The random component of a GLM for a categorical response with $J$ categories is the multinomial cdf with vector of probabilities $(\pi_1,...,\pi_{J})$ where $\sum \pi_r = 1$ . The linear predictor $(\eta_1,...,\eta_{J-1})$ can be written as the product of the design matrix $Z$ and the unknown parameter vector $\beta$. The link function which characterizes this model is given by the equation $g(\pi) = Z\beta$, with $J-1$ equations $g_j = \eta_j$. @peyhardi_new proposed to write the link function as\begin{equation} g_j = F ^ {-1} \circ r_j \Leftrightarrow r_j = F(\eta_j) \quad \quad {j = 1,2,...,J-1} \end{equation}where $F$ is a cumulative cdf function and $r=(r_1,...,r_{J-1})$ is a transformation of the expected value vector. In the following, we will describe in more details the components (r,F,Z) and their modalities.

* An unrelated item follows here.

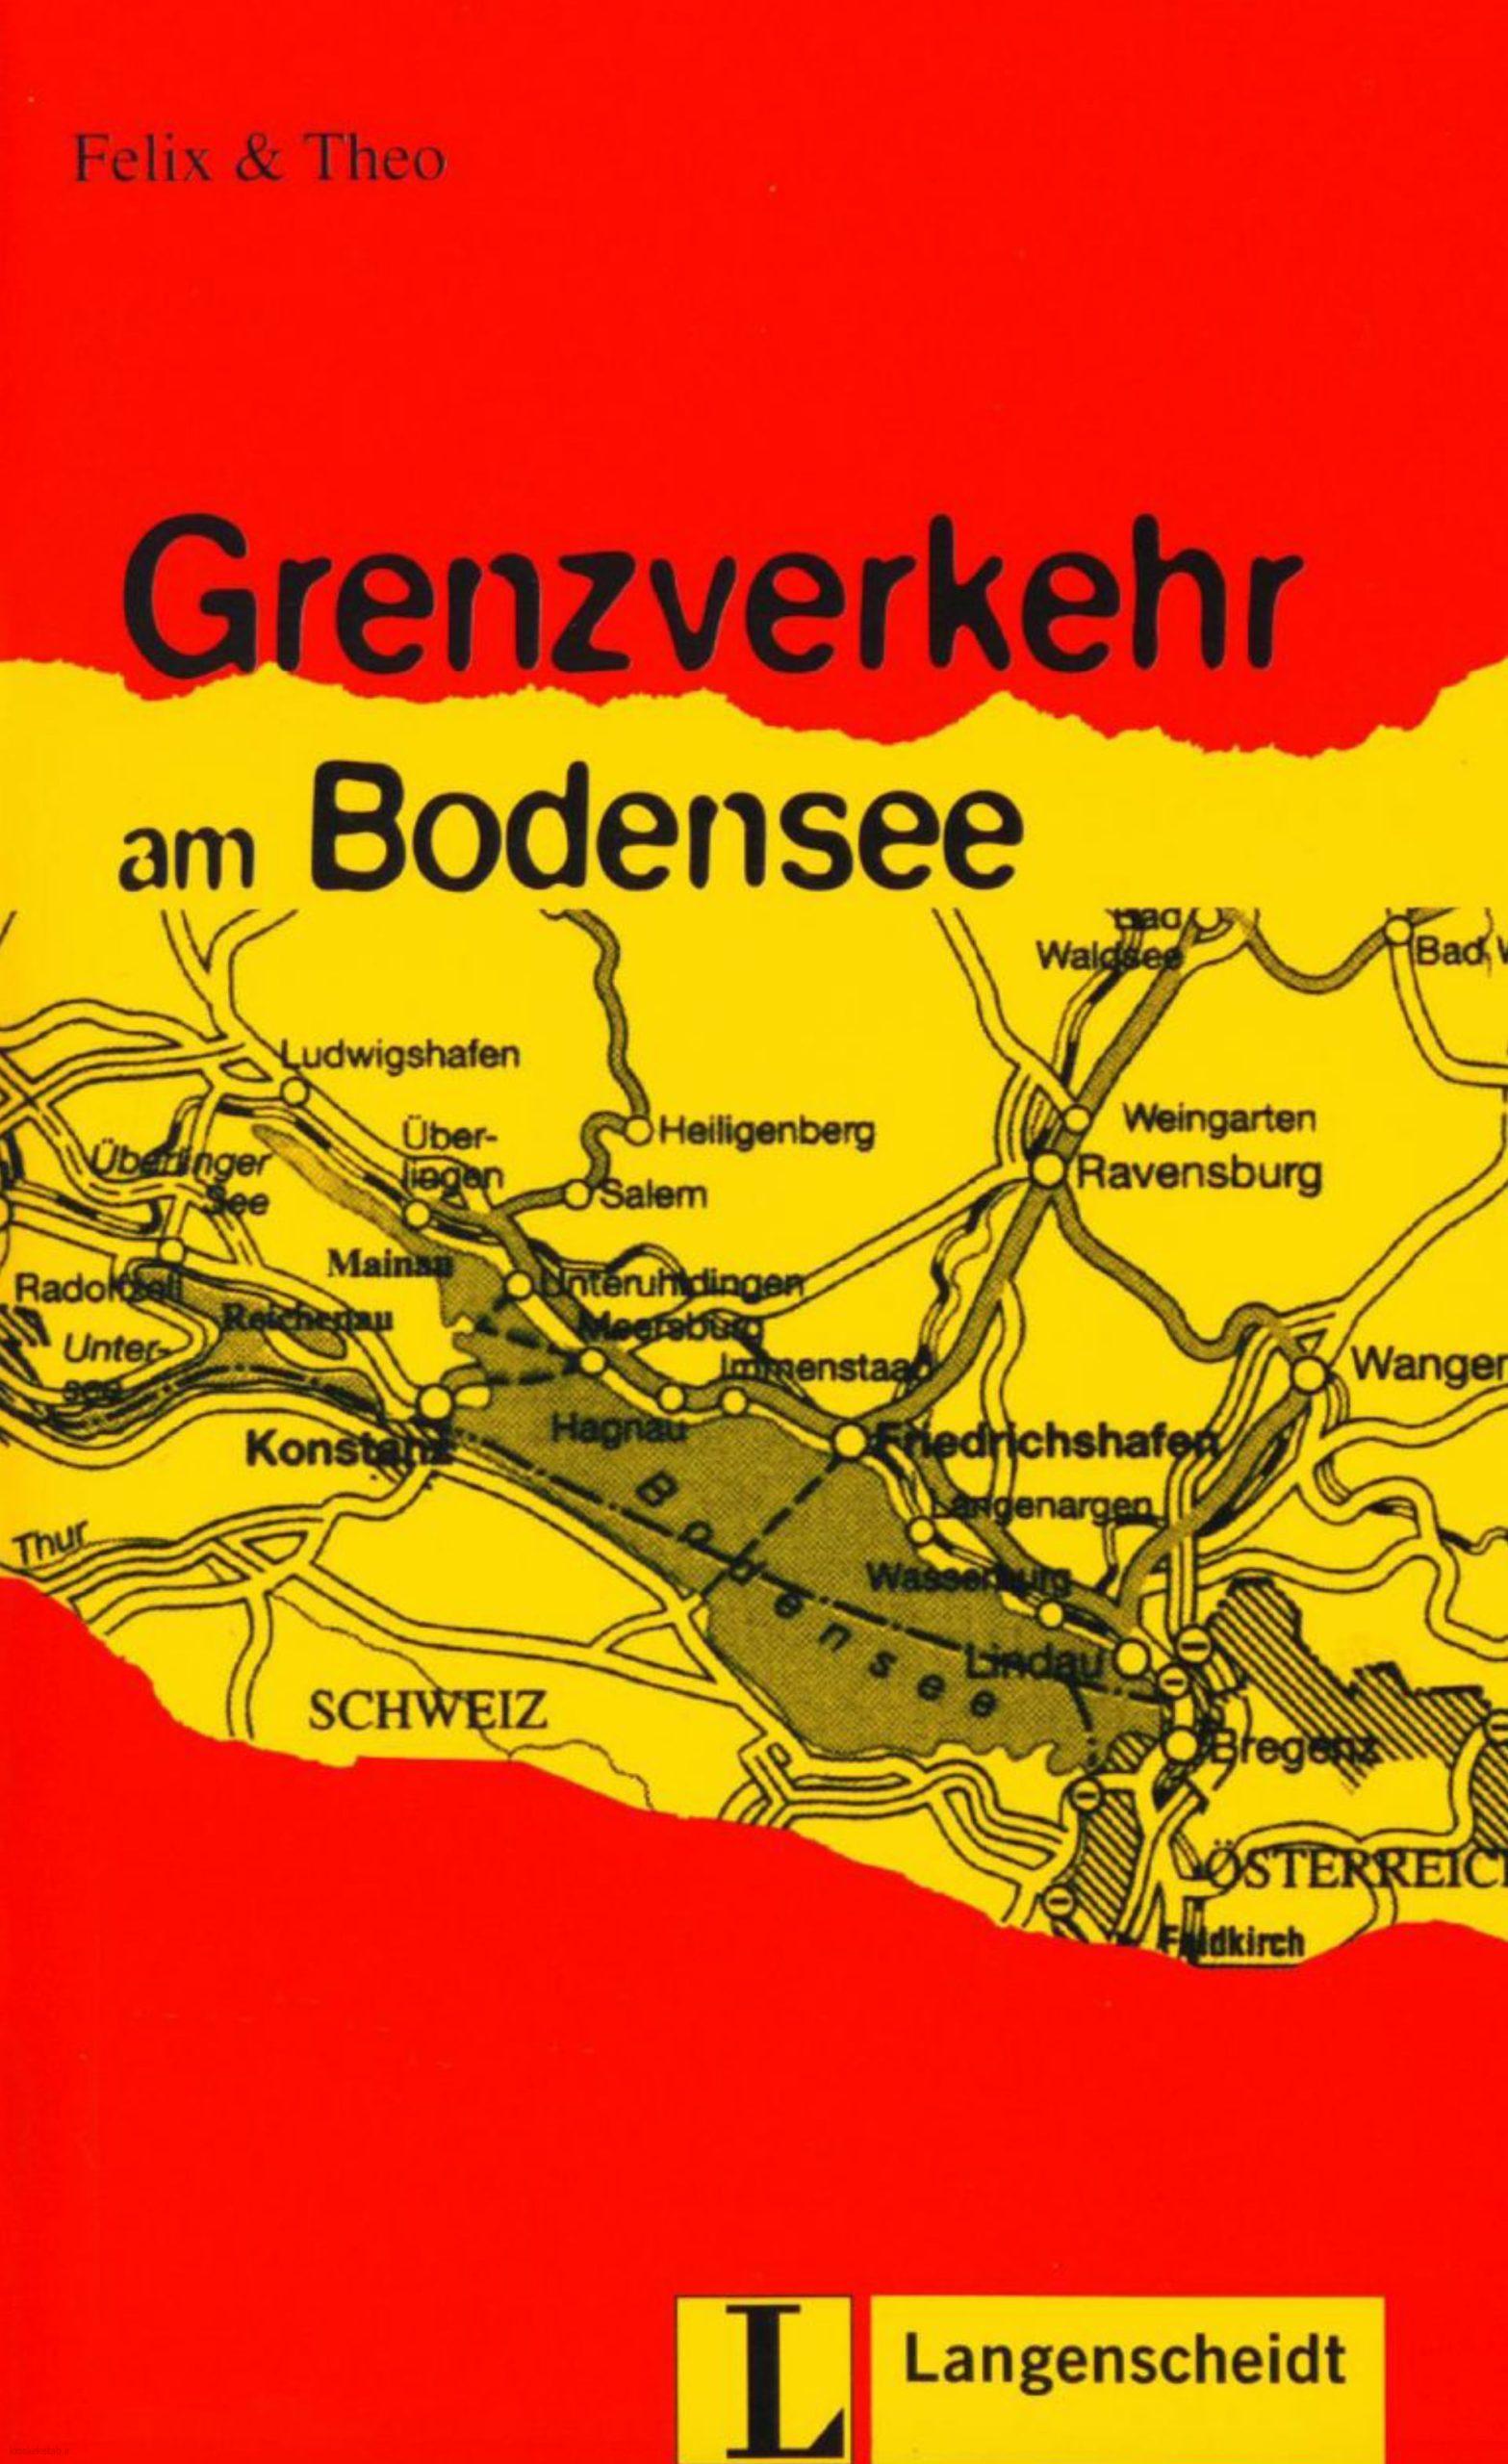 دانلود کتاب آلمانیfelix und theo grenzverkher am bodensee

The linear predictor is not directly related to the expectation $\boldsymbol{\pi}$ instead they are related through a particular transformation $\boldsymbol{r}$ of the vector $\boldsymbol{\pi}$ which is called the ratio. @peyhardi_new proposed four ratios that gather the alternatives to model categorical response data:
\begin{center}{ \begin{tabular}{{lllll}} \hline \multicolumn{1}{|l|}{} & \multicolumn{1}{l}{Cumulative} & \multicolumn{1}{l} {{Sequential}} & \multicolumn{1}{l|}{{Adjacent}} & \multicolumn{1}{l|}{{Reference}} \ \multicolumn{1}{|l|}{$r_j(\boldsymbol{\pi})$ \quad \quad } & \multicolumn{1}{l}{$\pi_1+...+\pi_j$} & \multicolumn{1}{l}{$\dfrac{\pi_j}{\pi_j +...+ \pi_J}$} & \multicolumn{1}{l|}{$\dfrac{\pi_j}{\pi_j + \pi_{j+1}}$} & \multicolumn{1}{l|}{$\dfrac{\pi_j}{\pi_j + \pi_J}$} \ \hline \multicolumn{1}{|l|}{$Y$} & \multicolumn{1}{l}{} & \multicolumn{1}{l} {\centering{{ordinal}}} & \multicolumn{1}{l|}{} & \multicolumn{1}{l|}{\centering {nominal}} \ \cline{1-5} \end{tabular} } \end{center}
Each component $r_j(\boldsymbol{\pi})$ can be viewed as a (conditional) probability. For the reference ratio, each category $j$ is compared to the reference category $J$. For the adjacent ratio, each category $j$ is compared to its adjacent category $j+1$. For the cumulative ratio, the probabilities of categories are cumulated. For the sequential ratio, each category $j$ is compared to its following category, $j+1, \ldots, J$. The adjacent, cumulative and sequential ratios all rely on an ordering assumption among categories. The reference ratio is devoted to nominal responses.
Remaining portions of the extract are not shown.